Nuit blanche, le 1er octobre à Paris. quefaire.paris.fr/nuitblanche

Aussi, la Nuit blanche s’est-elle préparée depuis février, au gré de réunions hebdomadaires entre l’agence Avoi Albarran, productrice déléguée de l’événement, et la direction plusieurs affaires culturelles en Ville. Le montage, lui, a démarré à J-6. Parfois davantage : le mât d’Abraham Poincheval ou peut-rrtre un le miroir repeint de chats d’Alain Séchas ont été installés, gare de Lyon, pour annoncer l’événement une semaine auparavant. Certaines interventions sont légères. D’autres bien plus complexes. Il a fallu mettre à contribution plongeurs et experts plusieurs Voies navigables de France pour s’assurer que le tourbillon d’eau de l’artiste britannique Anish Kapoor n’altérerait en rien le circuit plusieurs bateaux, ou peut-rrtre un pour distiller sous le pont plusieurs Arts l’ensemble des sondes de boy compatriote Oliver Beer, destinées à révéler l’écosystème sonore en Seine.

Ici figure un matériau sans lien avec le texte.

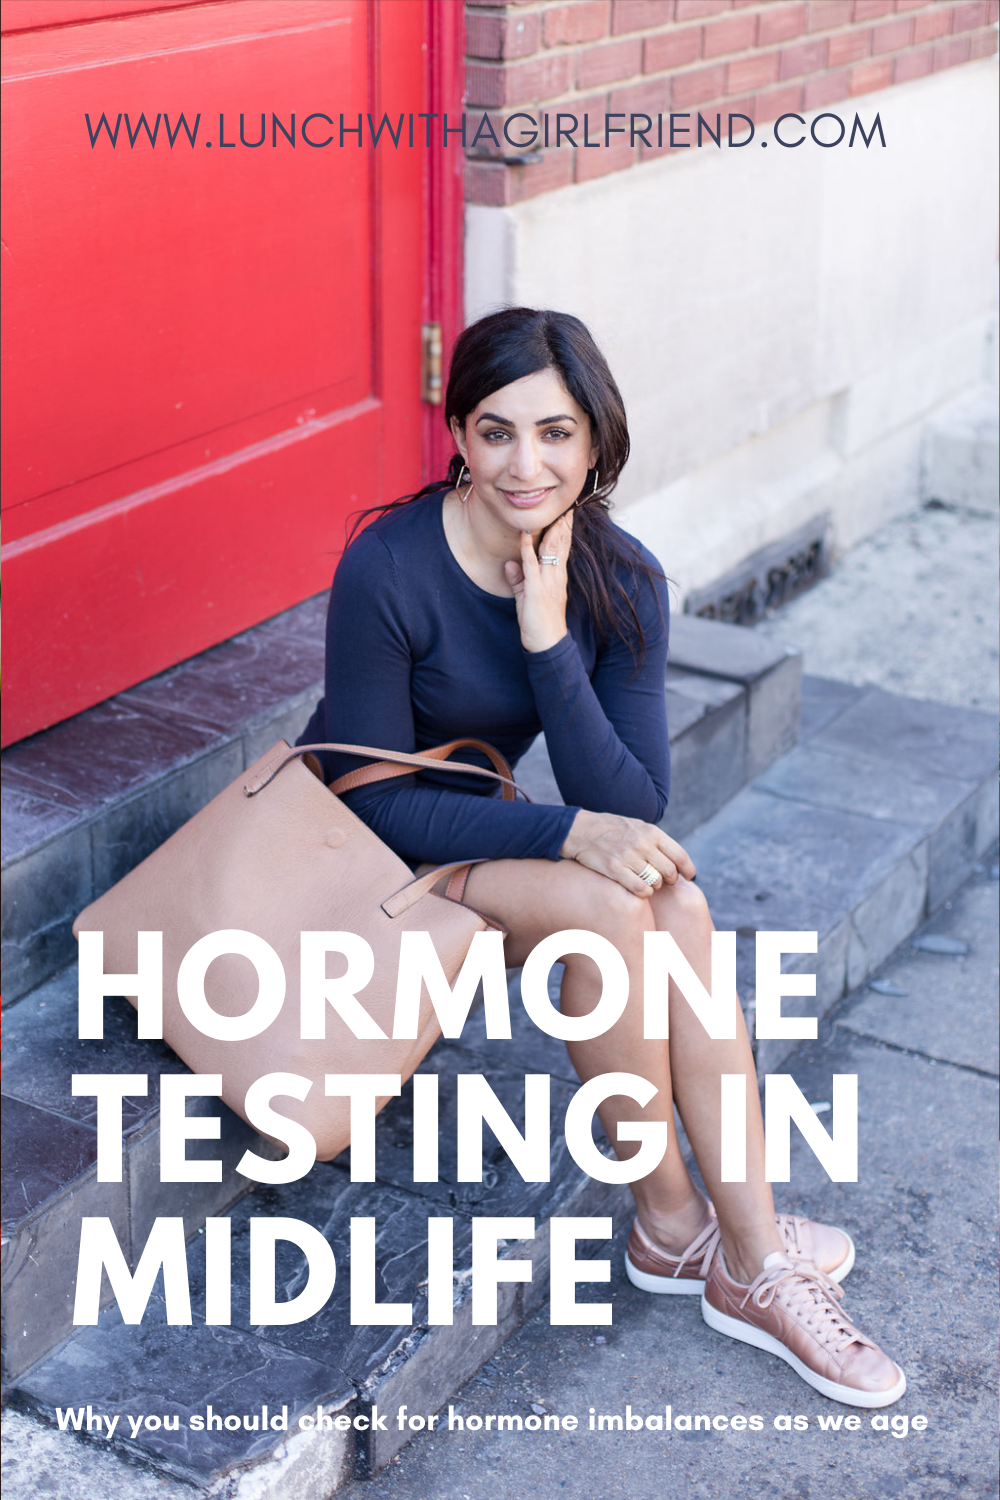 Why You Should Check For A Hormone Imbalance In Midlife

Le mât d’Abraham Poincheval en images

Autre tour de pressure, la mer de rochers parcourus de fossiles que le Brésilien Rodrigo Braga a enclavée dans le bassin de l’esplanade du Palais de Tokyo, japan. Produite componen Mike Art Projects, cette œuvre monumentale a nécessité 40 m3 de pierres provenant plusieurs carrières en Meuse. Il aura fallu six tailleurs de pierre, cinq semi-remorques et le soutien de Bouygues Bâtiment et France-Lanord &amplifier Bichaton pour mener à bien leur extraction, convoi et installation. D’autres œuvres ne seront installées que la veille, comme celle, mouvante, de Christian Rizzo, à l’Hôtel-Dieu. Et là, le décompte et le stress commencent : à peine quarante-huit heures pour tester l’ensemble et s’assurer que le 1er octobre tout sera en ordre de marche.

Derrière la flânerie amoureuse mitonnée cette année componen Jean de Loisy, président du Palais de Tokyo, japan, il y a une savante machinerie. Vehicle l’exercice est complexe. Travailler dans le cadre d’une salle d’exposition, c’est donné à tout le monde. Se projeter à l’échelle d’une ville, voilà une tout autre paire de manches. De nombreux critères, contradictoires, sont à prendre en compte : préserver le calme relatif plusieurs riverains, assurer la circulation d’un million de Parisiens en goguette, sans oublier le respect du budget – 1,2 million d’euros –, et plusieurs contraintes de sécurité, aiguisées componen la crainte plusieurs attentats.